Maternal mortality review committees, the expert panels that investigate pregnancy-related deaths, have found that 46% of Black maternal deaths were potentially preventable, compared to 33% of white maternal deaths. That gap suggests the system is failing Black mothers at a higher rate, not just that they face more dangerous pregnancies. The complications are survivable when caught and treated promptly. The deaths happen when they are not.

Preventability here means the reviewers identified points where different clinical decisions, faster responses, or better follow-up could have changed the outcome. It’s a measure of system failure, not patient failure.

Insurance Gaps and Postpartum Coverage

A significant number of maternal deaths occur in the weeks and months after delivery, not during childbirth itself. Postpartum cardiomyopathy, the second leading killer of Black mothers, typically develops after the baby is born. Historically, Medicaid coverage in many states ended just 60 days after delivery, cutting off care during the exact period when life-threatening complications emerge.

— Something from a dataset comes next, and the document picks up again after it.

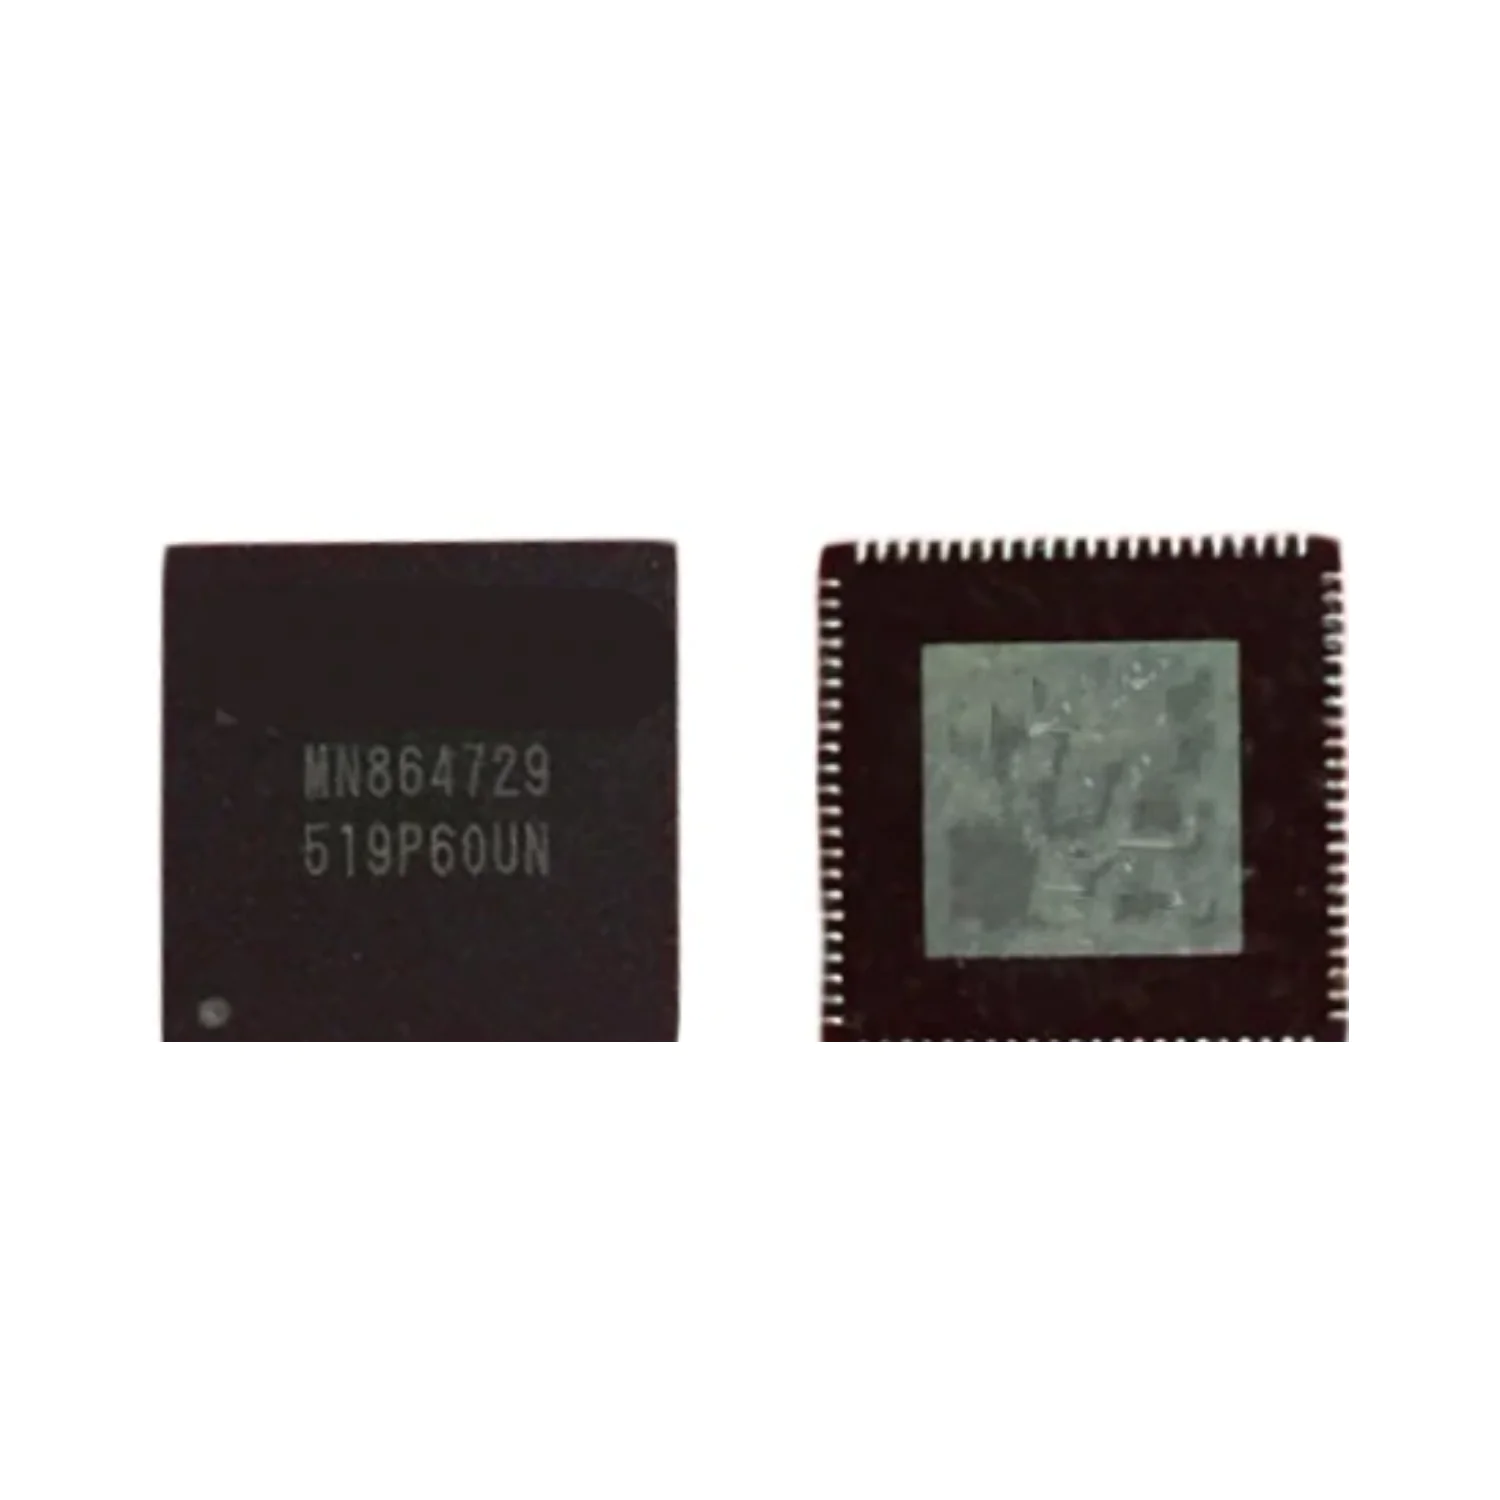 Puce IC (Circuit Intégré) Sony PS4 Slim / PS4 Pro 1200 / MN864729 / HDMI

States that expanded Medicaid saw maternal mortality drop by about 7 deaths per 100,000 live births compared to states that did not expand. That effect was concentrated among Black mothers, meaning expansion disproportionately benefited the group at highest risk. The mechanism is straightforward: sustained insurance coverage after childbirth means more follow-up visits, earlier detection of heart failure and blood pressure crises, and treatment before those conditions become fatal. Improved coverage before conception also helps, since women with insurance are more likely to have chronic conditions like hypertension managed before becoming pregnant.

How These Factors Compound

No single explanation accounts for a threefold mortality gap. The disparity exists because these factors reinforce each other. A Black woman is more likely to enter pregnancy with elevated blood pressure from years of chronic stress. She is more likely to develop preeclampsia during pregnancy. When she reports symptoms like swelling, headaches, or chest pain, she is more likely to have those symptoms minimized or addressed slowly. If she delivers in a hospital with fewer resources, her access to rapid intervention is more limited. And if her insurance coverage lapses weeks after delivery, the postpartum period when cardiac complications peak becomes the most dangerous stretch of all.

Each link in this chain has evidence behind it. Each one is, in principle, modifiable. The persistence of the gap reflects not a mystery but a failure to address causes that are already well documented.